Investments made by New Mexico in small companies located in the state are not showing the desired results. Startup companies funded by New Mexico's State Investment Council are not giving back the same returns as stock index funds managed by Wall Street. The Council now invests about $35 million every year.
Funds and lost earnings
The New Mexico Legislature has set the target of placing nine percent of the investments from Severance Tax Permanent Fund into various New Mexico companies. In reality, however, the actual percentage is nearer to five percent. A few have estimated that this has cost the state approximately $40 million in terms of lost earnings for this fund. Steven K. Moise, the State Investment officer put it bluntly that if it was not a state authority, such a condition would be detrimental. This assessment was presented to Investments and Pensions Oversight Committee members during the second week of October.

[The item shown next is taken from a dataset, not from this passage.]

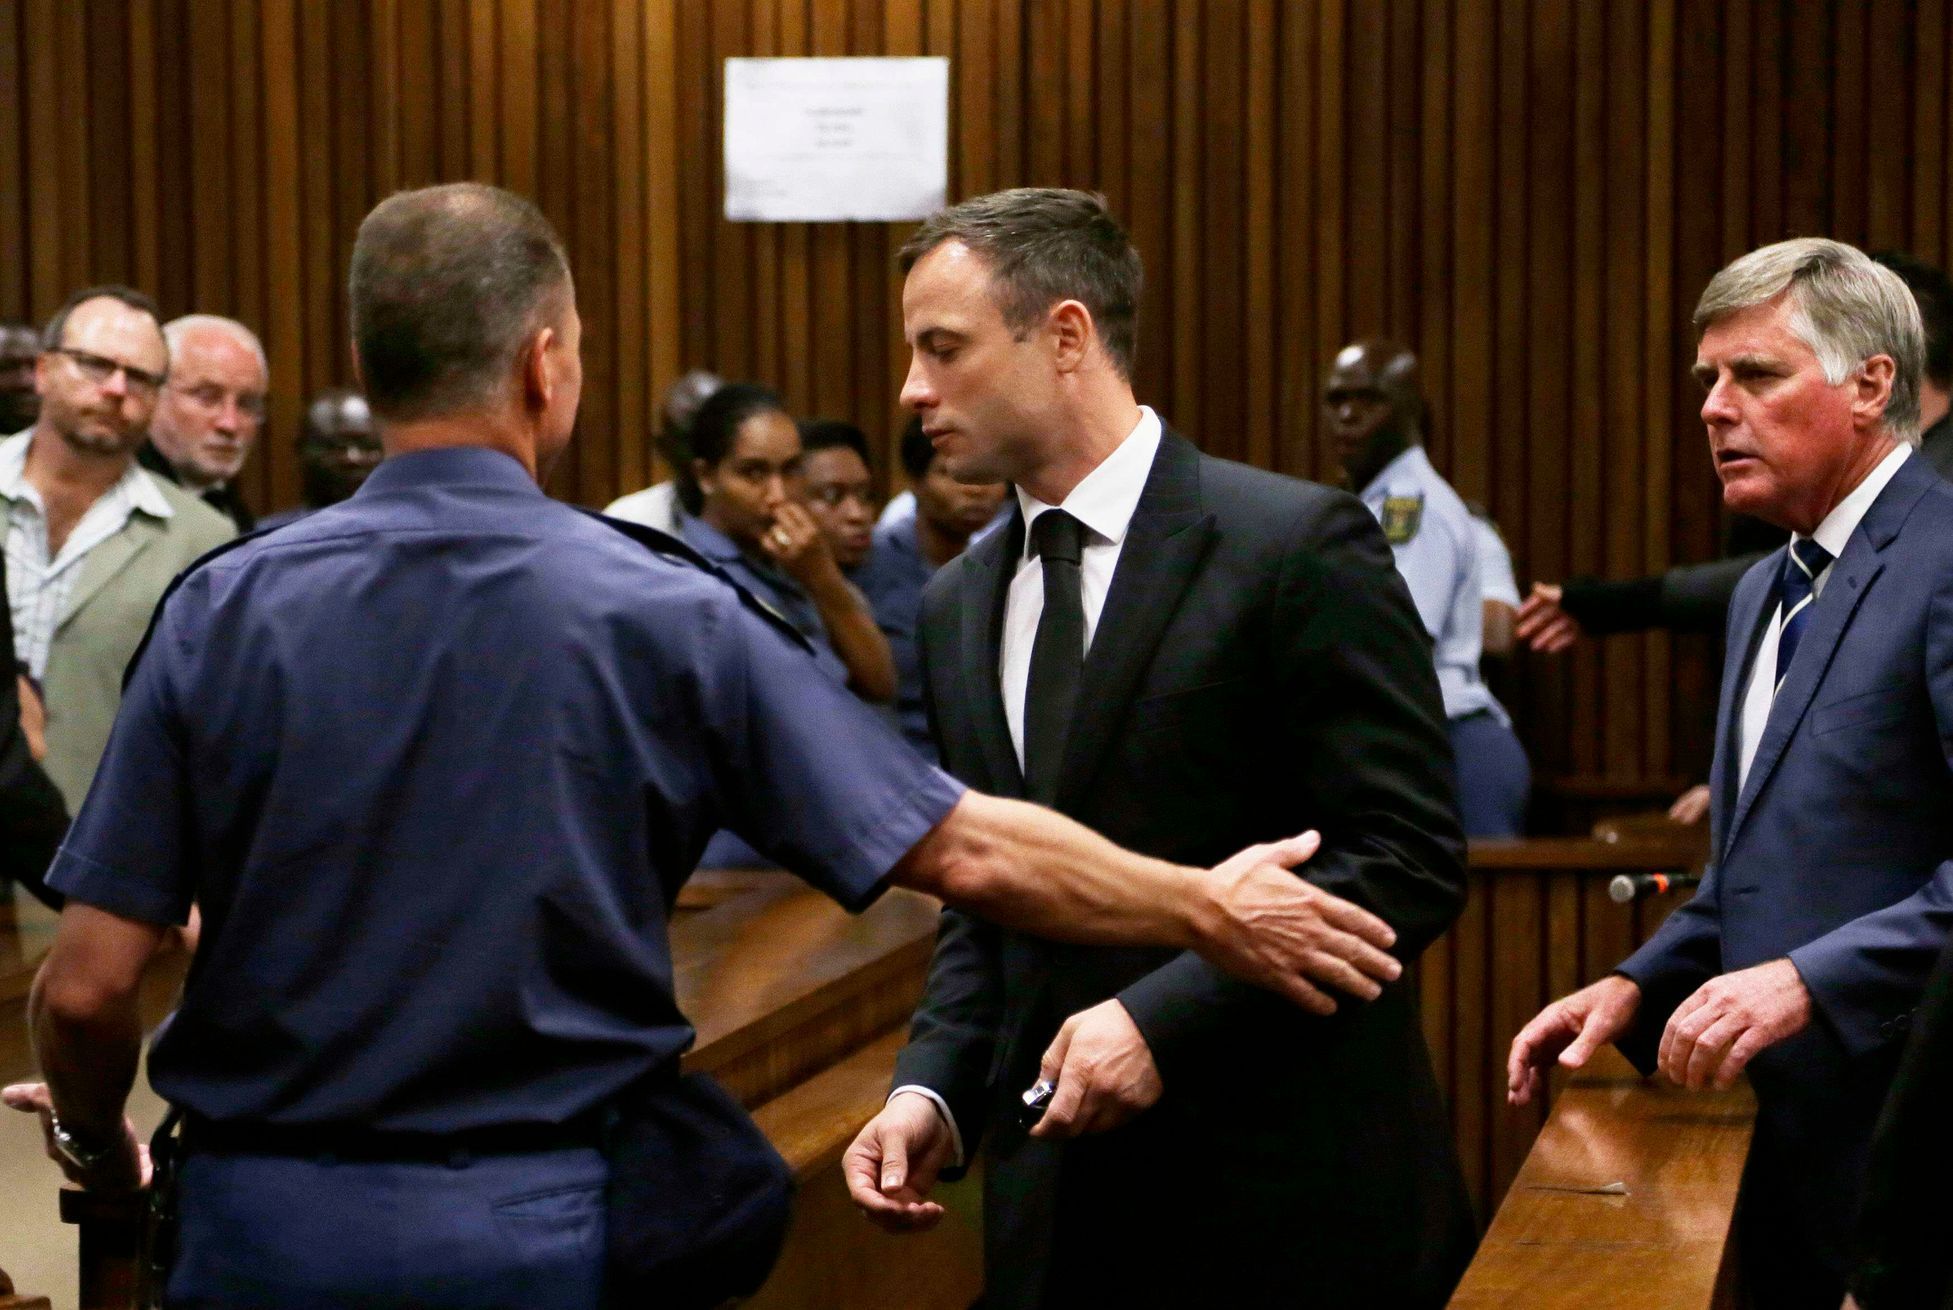 Oscara Pistoriuse odvádějí do cely
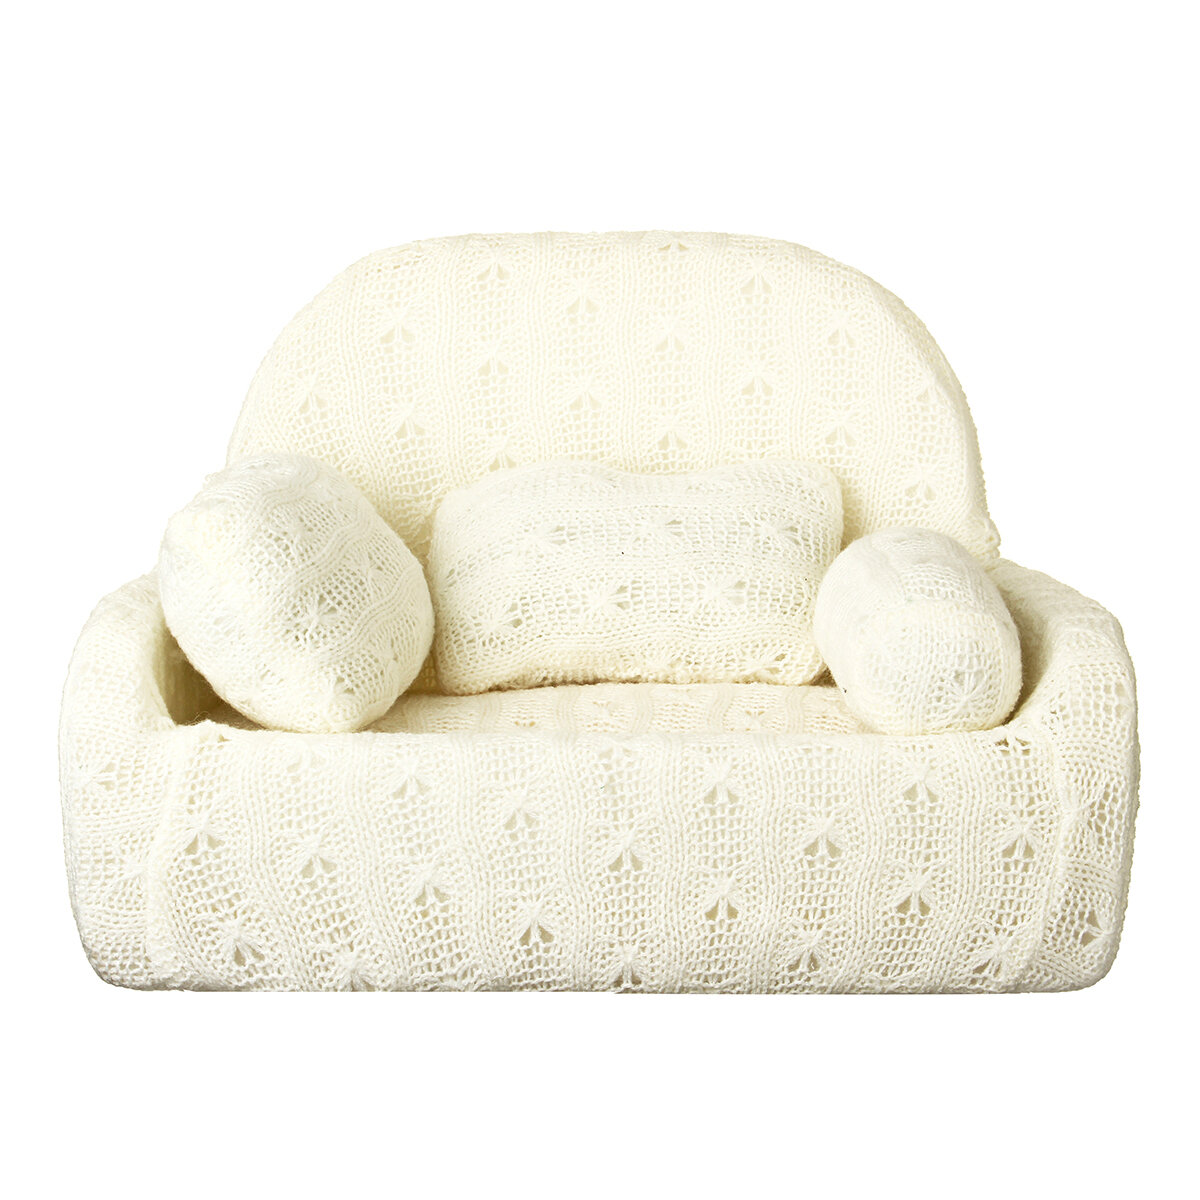 infant sofa

The State Investment Council is managed by professional money managers. They manage a corpus of $23 billion derived from Severance Tax Permanent Fund and Land Grant Permanence Fund. Money also comes from managing the land of New Mexico and also its natural resources. Energy below the soil is also being managed by the same organization.
The problem is that private equity investments are not passive. Business professionals must search them out, manage them, and analyze them. The state has contracted a few consultants to advise on such investments. To give an example, Santa Fe's Sun Mountain Capital advises on a portion of it- the private equity portfolio slice. These costs, however, are steeper than paying any firm to purchase and then sell bonds and stocks.
Economic development and risks
Sun Mountain, however, regards these investments as much more than an economic development. This money must be given back to the government along with extra chunks of cash. The results, as per Sally Corning of the company, has only been better over the years. The past three years have shown a yearly return of about 6.3 percent.
Lawmakers may soon give the program a closer look. They will then decide whether these programs are satisfying their targets for economic growth and job creation in New Mexico. A big concern is if the companies presently based in the state relocate to another state, the benefits of job creation also goes with them. Another risk is that the companies may go broke and cease to exist.